There has been a bath of one sort or another on the location for 200 years, since 1817, and by 1847, Dr Culverwell was providing a separate set of medical baths on the site.

In around 1883, the two baths on the site were sold to Jones & Co, who a couple of years later decided to revamp the entire site. Sold to the Nevill family, they decided to demolish the only just built bathhouse, and commissioned what we see here today.

Curiously, the current building is still classified as two separate sites, being number 7 and 8 Bishopsgate Churchyard (map).

Designed by G Harold Elphick, the current bathhouse used tessellating Arabic motifs in classic colours. Crafted to appeal to the gentrified city folk, the venue was an instant hit in the daily broadsheet newspapers.

As Turkish bathing was seen as quite the thing to do in Victorian times, and being in the city, it was very popular, although unlike other baths, it didn’t allow women. This is probably due to the size of the site which didn’t avail itself of the space for segregated facilities.

The current Bath House opened in February 1895.

Marble-floored hot rooms, mosaics and even gilt-edged décor set the bath-house interior apart, with stained glass and rich oriental rugs finishing the picture.

When built, the site was extremely cramped (photo) leaving only sufficient room for the small building above ground. The ingenuity of the planning was praised in The Builder magazine in February 1892.
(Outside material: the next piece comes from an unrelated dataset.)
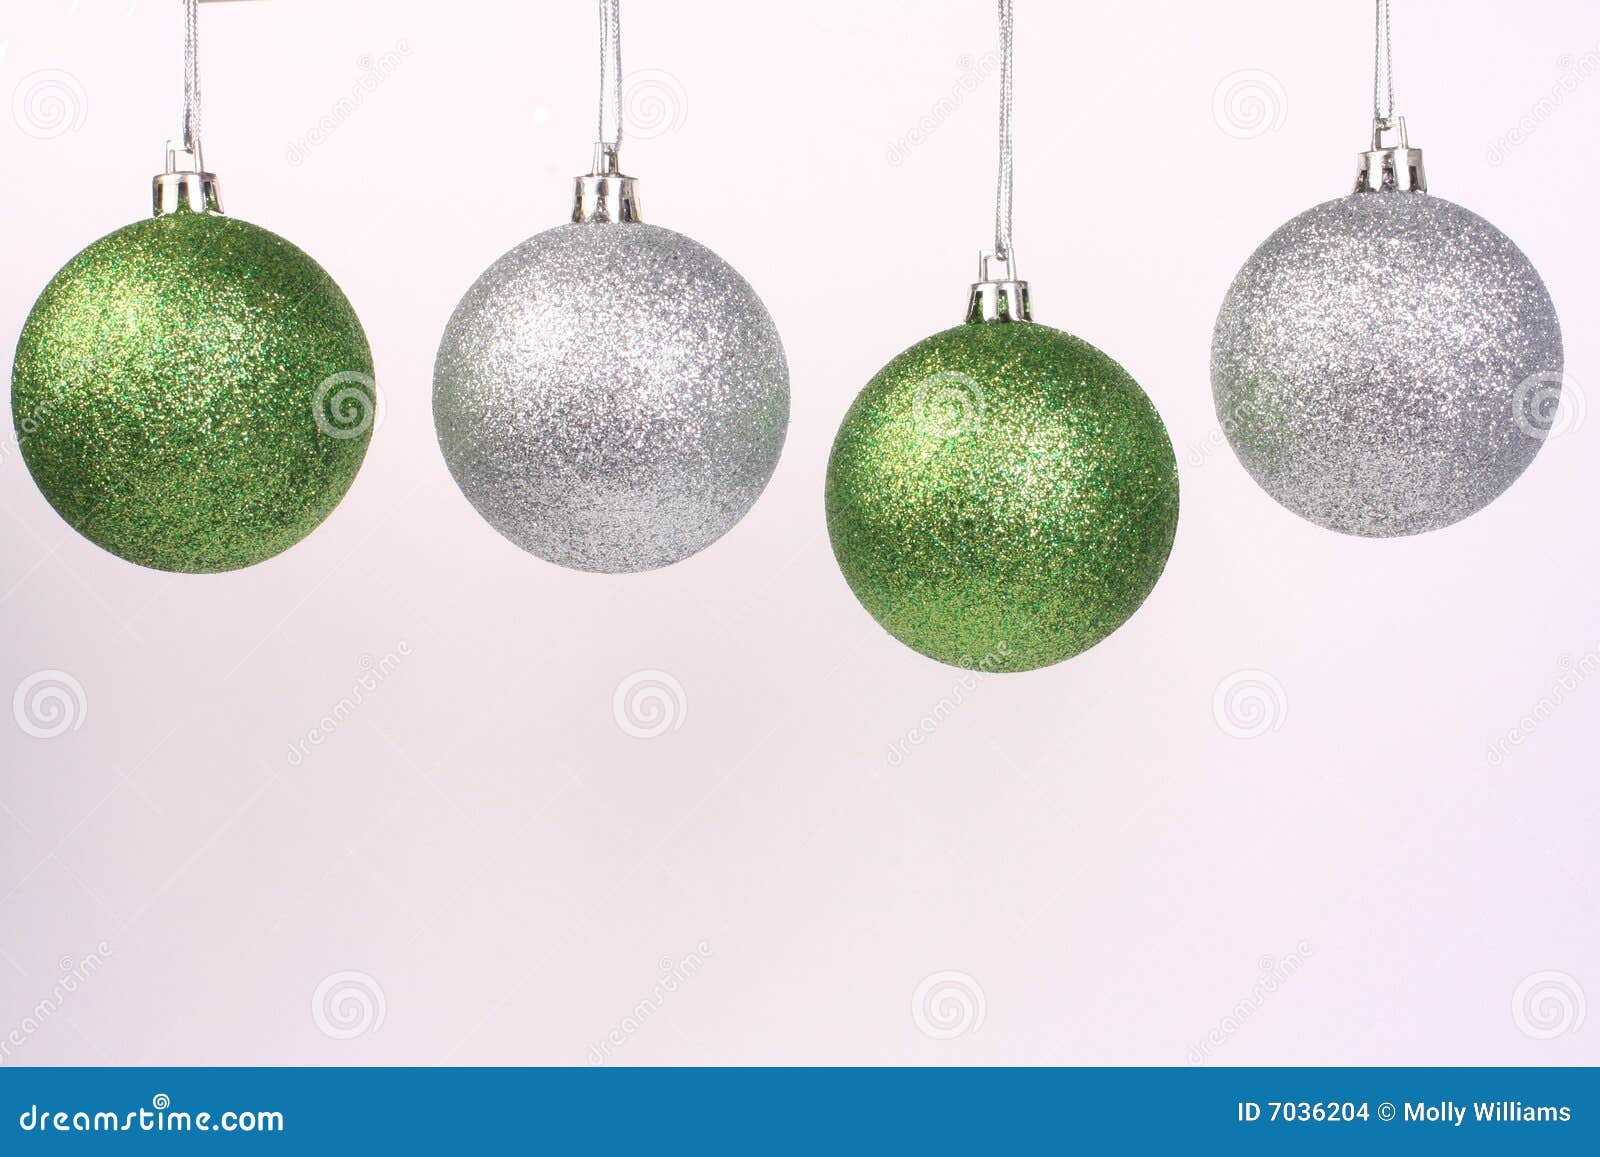 Green and Silver Ornaments 2 Stock Photo - Image of bauble, holiday ...

It closed as a bath house in 1954 and was variously used over the years until restored in 2016 as the Victorian Bath House, a private events venue, and not open to casually wander in. But you can peer through the windows.

What you see though, is just the upper floor, as the bulk of the bath house is actually underground. It goes down two floors, although the bottom level is now the toilets. The main floor is seats and a bar, and appropriately for the location and history, the posh wines are kept cool in a bath filled with ice.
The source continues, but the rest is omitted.